The Italian Academy is proud to present a talk by Vittorio Gallese of the University of Parma on The Body in Aesthetic Experience: A Multidisciplinary Perspective, with respondents David Freedberg (author of The Power of Images, Professor of Art History at Columbia and Director of the Italian Academy) and Daniel Salzman (Associate Professor of Psychiatry and Neuroscience at Columbia and expert on the neural basis of cognitive and emotional behavior).
Prof. Gallese’s 2007 talk at the Italian Academy drew a full house and provoked a lively post-lecture discussion. He is renowned as a chief member of the team of researchers that discovered mirror neurons. The importance of this discovery, made along with Giacomo Rizzolatti and colleagues at the University of Parma, has created tremendous excitement in the field of the neurosciences and in areas ranging from the humanities to the social sciences. In a much-heralded study, motor neurons, located in the pre-motor cortex of the brain, were shown to fire both when a monkey performs an action and when it observes another animal performing that same action. Mirror systems have subsequently been discovered in the human brain as well, casting light on the empathetic understanding of action and touch. The discovery has strengthened hope for a deeper understanding of language, empathy, autism and the intentions and goals of others. Mirror neurons are also being studied in the field of theory of mind. Prof. Gallese has continued to build on that initial research, broadening our understanding of social interactions and the variety of embodied responses that underlie our understanding of others.
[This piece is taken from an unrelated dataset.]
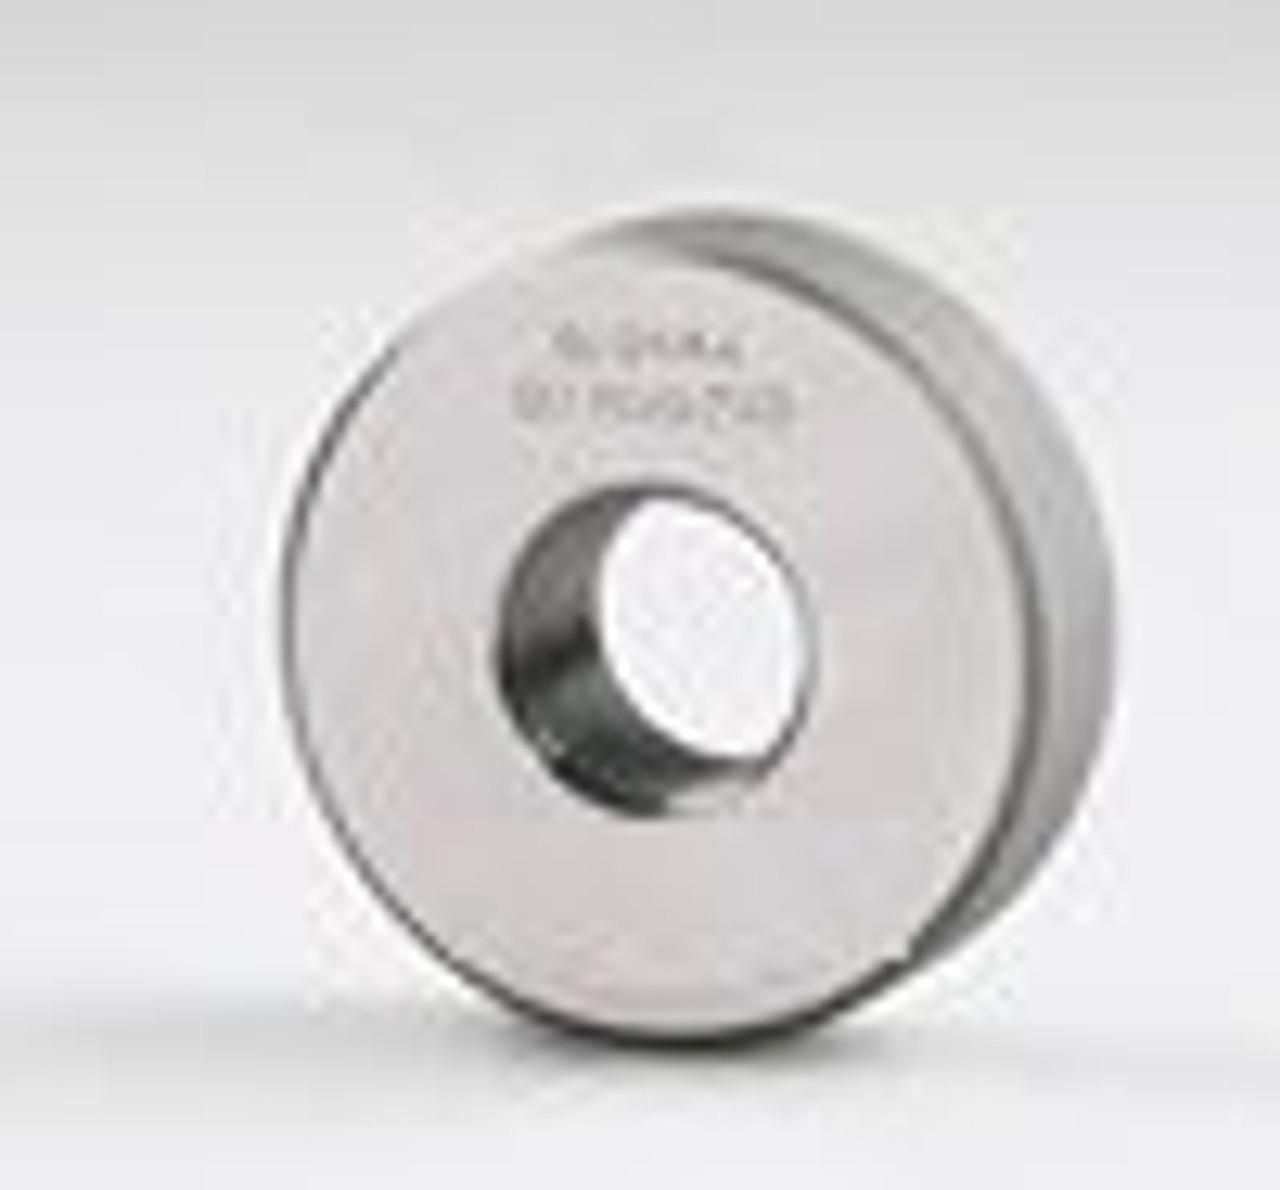 """BSPP 1-1/8"""" - 11 Go Thread Ring Gauge - (BSP1-1/8RG-GO)"""

Prof. Gallese invites the audience on October 5 to explore neuroesthetics, “the field within cognitive neuroscience investigating the neural underpinnings of aesthetic experience, particularly in visual arts. Neuroscience has investigated this area using brain imaging and neurophysiological techniques. Much attention has been paid to the role of the visual brain in aesthetic experience. Yet, the complexity of the relation that builds between an artwork and the observer compels us to reason beyond the mere, though vital, perceptual – and mostly visual, as accounted for Neuroesthetics – ability of the brain to capture essential perceptual elements from the environment. Observing the world is a more complex enterprise than the mere activation of the visual brain, as it implies a multi-modal notion of vision that encompasses the activation of somatosensory and emotion-related components, within the more general frame of the intrinsic pragmatic nature of every intentional relation with the external world. Our fruition of art is certainly cognitively mediated, because the peculiar quality of our aesthetic experience is influenced by our personal culture, by the environment in which we were educated, by the aesthetic canons informing our time, by our level of expertise and familiarity with the art works we contemplate. However, in aesthetic experience there are components that, in my view, cannot be disregarded as they constitute the most direct “access keys” to the beholders’ comprehension of the artwork; that is, the embodied motor and emotional components of aesthetic experience. In my talk I will discuss the functional relevance of these components for aesthetic experience. Capitalizing upon the fundamental role of empathy in visual art appreciation, I will propose an embodied theory of aesthetic experience that emphasizes the role of motor and emotional embodied simulation mechanisms in the beholder.”
About the Participants:
Vittorio Gallese is Professor of Physiology at the Department Neuroscience of the School of Medicine of the University of Parma and is the Coordinator of the PhD Program in Neuroscience there. He has worked at the University of Lausanne, Switzerland, and at the Nihon University of Tokyo, Japan, and in 2002 he was Visiting Professor at the Institute of Cognitive and Brain Sciences at the University of California at Berkeley. His major research interests are the relationship between action perception and cognition, using a variety of neurophysio-logical and neuroimaging techniques. He is also interested in developing an interdisciplinary approach to the understanding of the embodied bases of intersubjectivity and social cognition. He has published about 100 papers in international peer-reviewed journals and edited books.
David Freedberg is Professor of Art History at Columbia University and Director of the Italian Academy. He is best known for his work on psychological responses to art, and particularly for his studies on iconoclasm and censorship. His recent work addresses the history of science and the importance of the new cognitive neurosciences for the study of art and its history.
Daniel Salzman is an Associate Professor in the Departments of Neuroscience and Psychiatry at Columbia University. He received his M.D. and Ph.D. from Stanford University, where also obtained his clinical training in Psychiatry. Since joining the faculty at Columbia in 2001, Dr. Salzman has focused his lab on understanding how emotion and related processes are represented and regulated in the brain.